Install the Weaviate python client, for environments that don't yet have it.

In [1]:
# !pip install -U --pre weaviate-client

## Preparation: Get the data

We'll use a subset of the Jeopardy! quiz library:
> https://www.kaggle.com/datasets/tunguz/200000-jeopardy-questions

Pre-processed version:
> https://raw.githubusercontent.com/databyjp/wv_demo_uploader/main/weaviate_datasets/data/jeopardy_1k.json


Load (or download) the data, and preview it

In [2]:
import requests
import json

# Download the data
response = requests.get('https://raw.githubusercontent.com/databyjp/wv_demo_uploader/main/weaviate_datasets/data/jeopardy_1k.json')
raw_data = response.text

# Parse the JSON and preview it
data = json.loads(raw_data)
print(type(data), len(data))
print(json.dumps(data[0], indent=2))

<class 'list'> 1000
{
  "Air Date": "2006-11-08",
  "Round": "Double Jeopardy!",
  "Value": 800,
  "Category": "AMERICAN HISTORY",
  "Question": "Abraham Lincoln died across the street from this theatre on April 15, 1865",
  "Answer": "Ford's Theatre (the Ford Theatre accepted)"
}


## Step 1: Create a Weaviate instance (database)

This (Embedded Weaviate) is a quick way to create a Weaviate database.
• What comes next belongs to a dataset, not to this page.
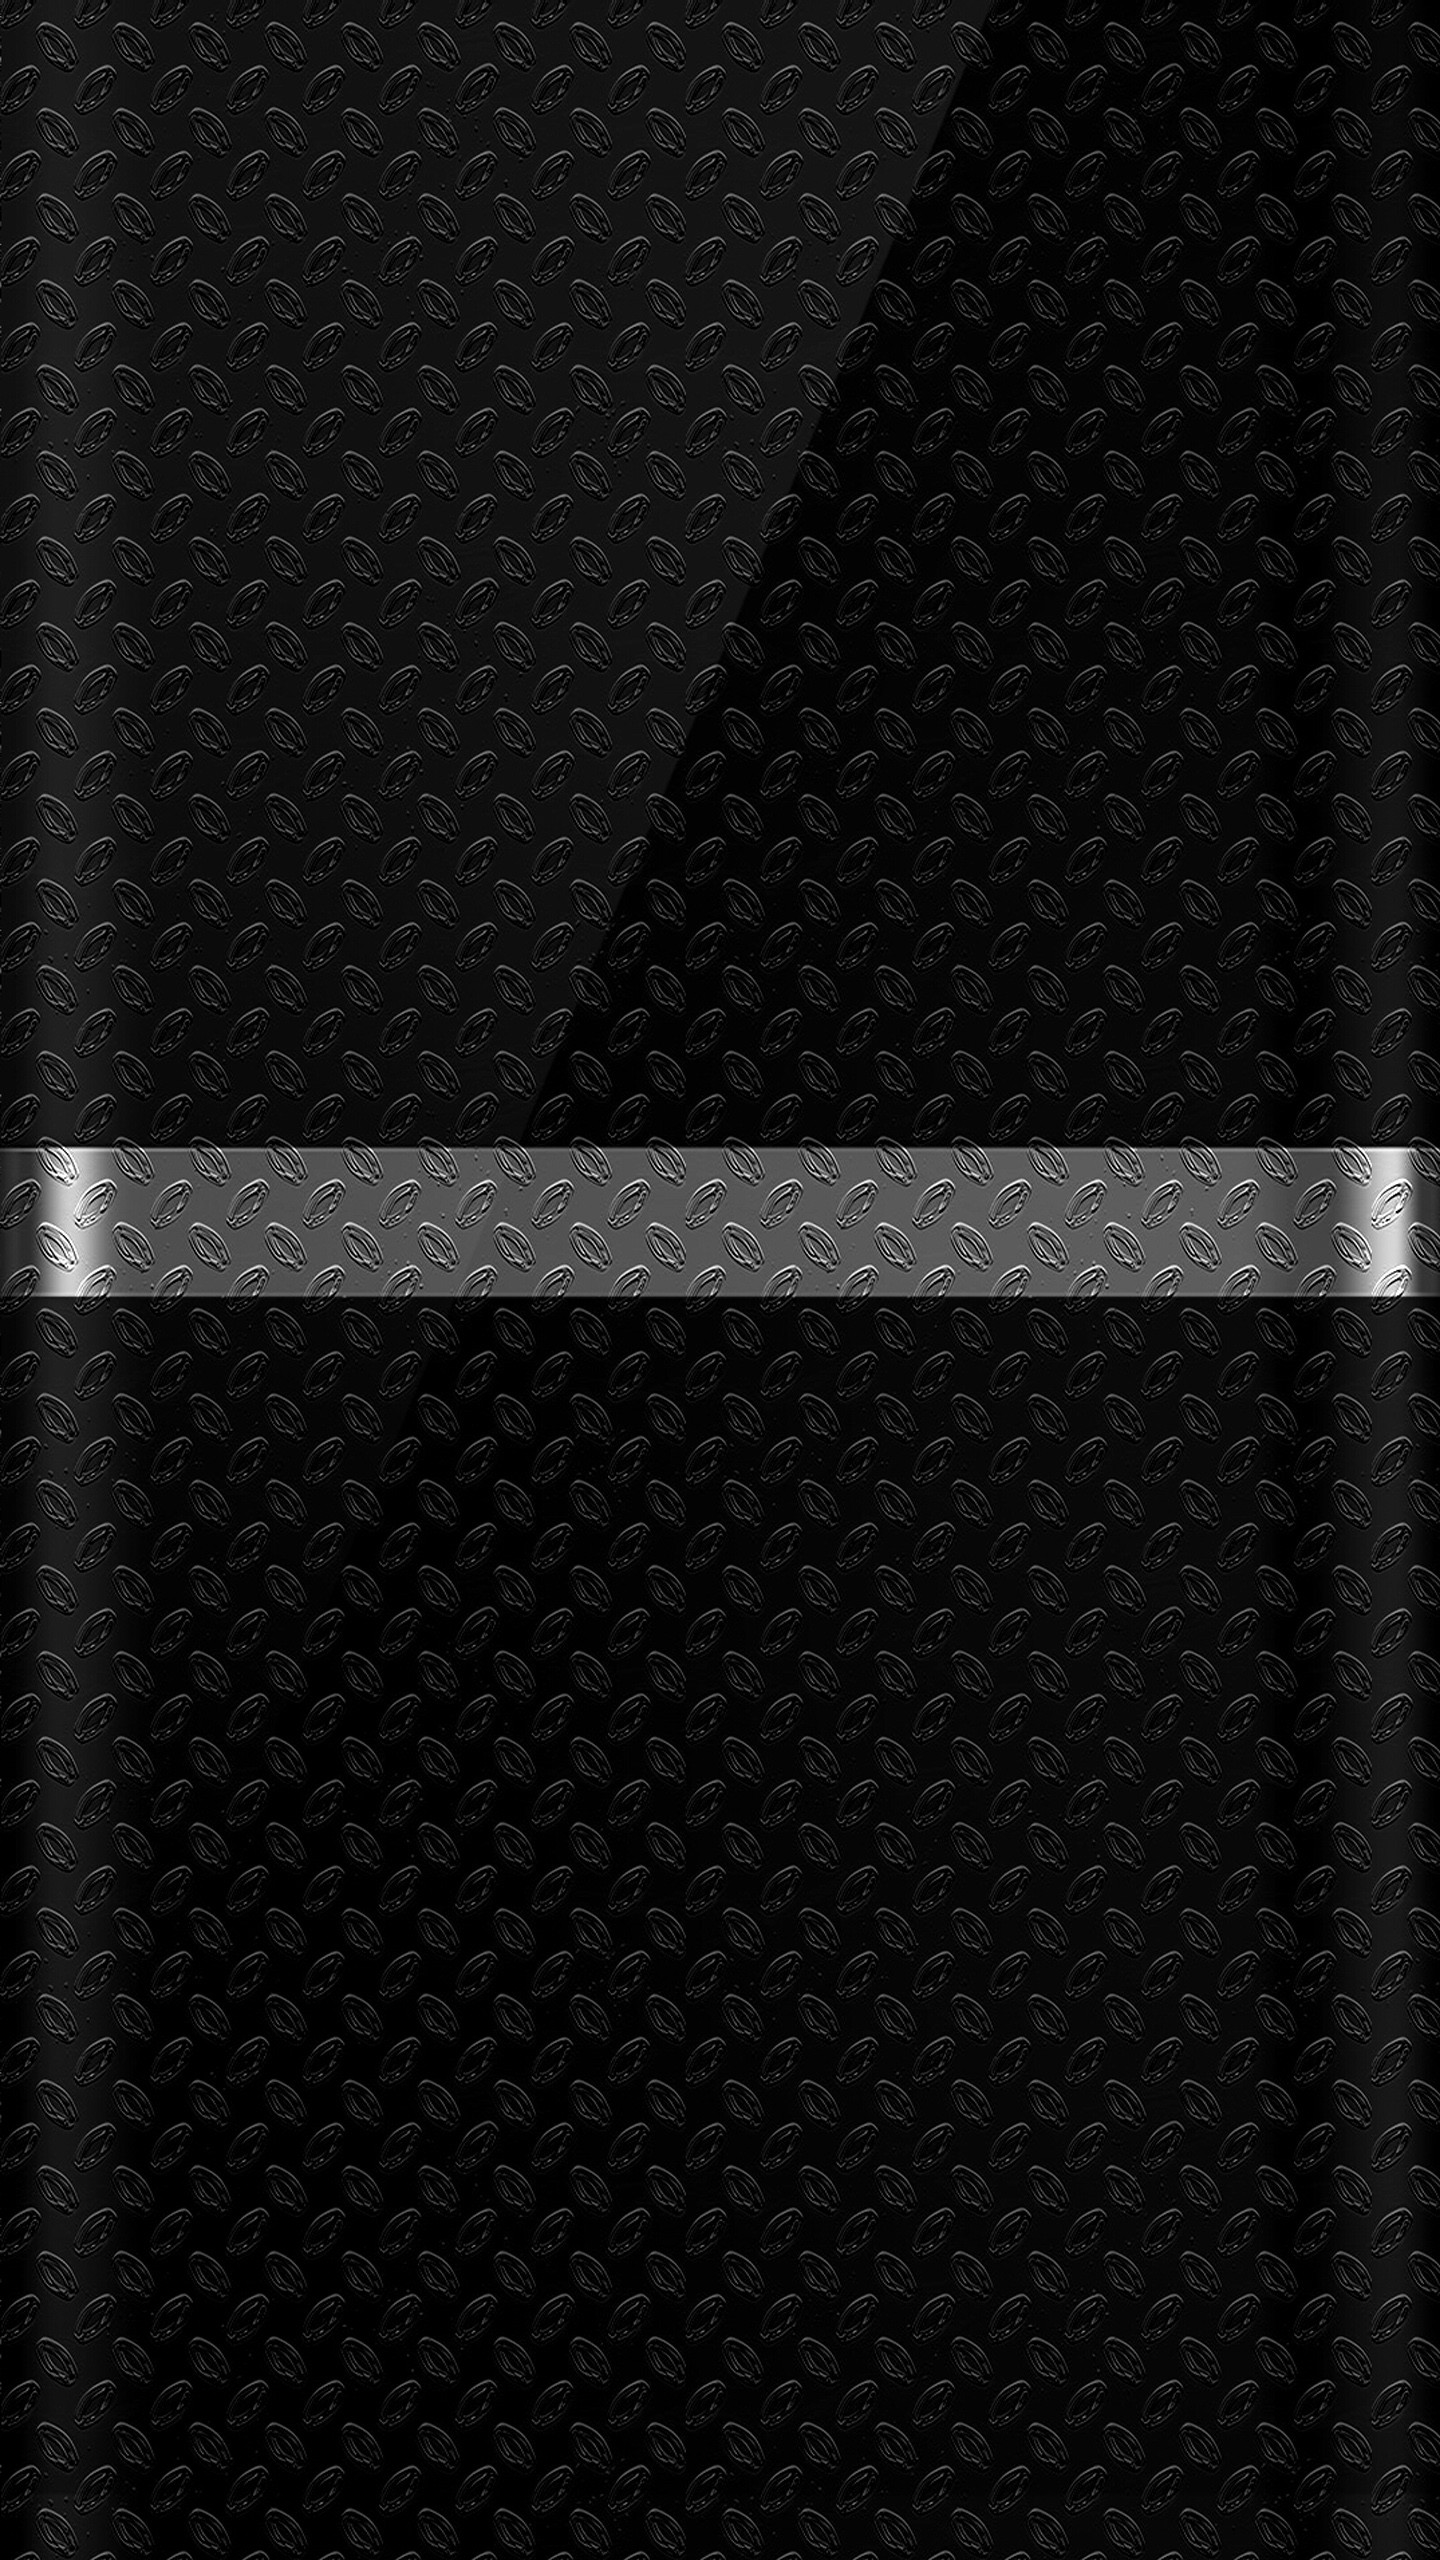 Картинка на телефон вертикальная темная. Черные обои. Чёрная заставка на телефон. Строгие обои на телефон. Темные заставки на смартфон.

Note that this is suitable for evaluation use only, and currently not compatible with Windows (we are working on it 😉).

You can also use:
- A free sandbox with Weaviate Cloud Services
- Open-source Weaviate directly, available cross-platform with Docker

In [3]:
import weaviate
import os

client = weaviate.connect_to_embedded(
    version="1.24.8",
    headers={
        "X-OpenAI-Api-Key": os.getenv("OPENAI_APIKEY")  # Replace this with your actual key
    }
)

Started /Users/jphwang/.cache/weaviate-embedded: process ID 79207


{"action":"startup","default_vectorizer_module":"none","level":"info","msg":"the default vectorizer modules is set to \"none\", as a result all new schema classes without an explicit vectorizer setting, will use this vectorizer","time":"2024-04-18T13:50:34+01:00"}
{"action":"startup","auto_schema_enabled":true,"level":"info","msg":"auto schema enabled setting is set to \"true\"","time":"2024-04-18T13:50:34+01:00"}
{"level":"info","msg":"No resource limits set, weaviate will use all available memory and CPU. To limit resources, set LIMIT_RESOURCES=true","time":"2024-04-18T13:50:34+01:00"}
{"action":"grpc_startup","level":"info","msg":"grpc server listening at [::]:50050","time":"2024-04-18T13:50:34+01:00"}
{"action":"restapi_management","level":"info","msg":"Serving weaviate at http://127.0.0.1:8079","time":"2024-04-18T13:50:34+01:00"}


Retrieve Weaviate instance information to check our configuration.

In [4]:
client.get_meta()

{'hostname': 'http://127.0.0.1:8079',
 'modules': {'generative-openai': {'documentationHref': 'https://platform.openai.com/docs/api-reference/completions',
   'name': 'Generative Search - OpenAI'},
  'qna-openai': {'documentationHref': 'https://platform.openai.com/docs/api-reference/completions',
   'name': 'OpenAI Question & Answering Module'},
  'ref2vec-centroid': {},
  'reranker-cohere': {'documentationHref': 'https://txt.cohere.com/rerank/',
   'name': 'Reranker - Cohere'},
  'text2vec-cohere': {'documentationHref': 'https://docs.cohere.ai/embedding-wiki/',
   'name': 'Cohere Module'},
  'text2vec-huggingface': {'documentationHref': 'https://huggingface.co/docs/api-inference/detailed_parameters#feature-extraction-task',
   'name': 'Hugging Face Module'},
  'text2vec-openai': {'documentationHref': 'https://platform.openai.com/docs/guides/embeddings/what-are-embeddings',
   'name': 'OpenAI Module'}},
 'version': '1.24.8'}

## Step 2: Add data to Weaviate

### Add class definition

The equivalent of a SQL "table", or noSQL "collection" is called a "class" in Weaviate.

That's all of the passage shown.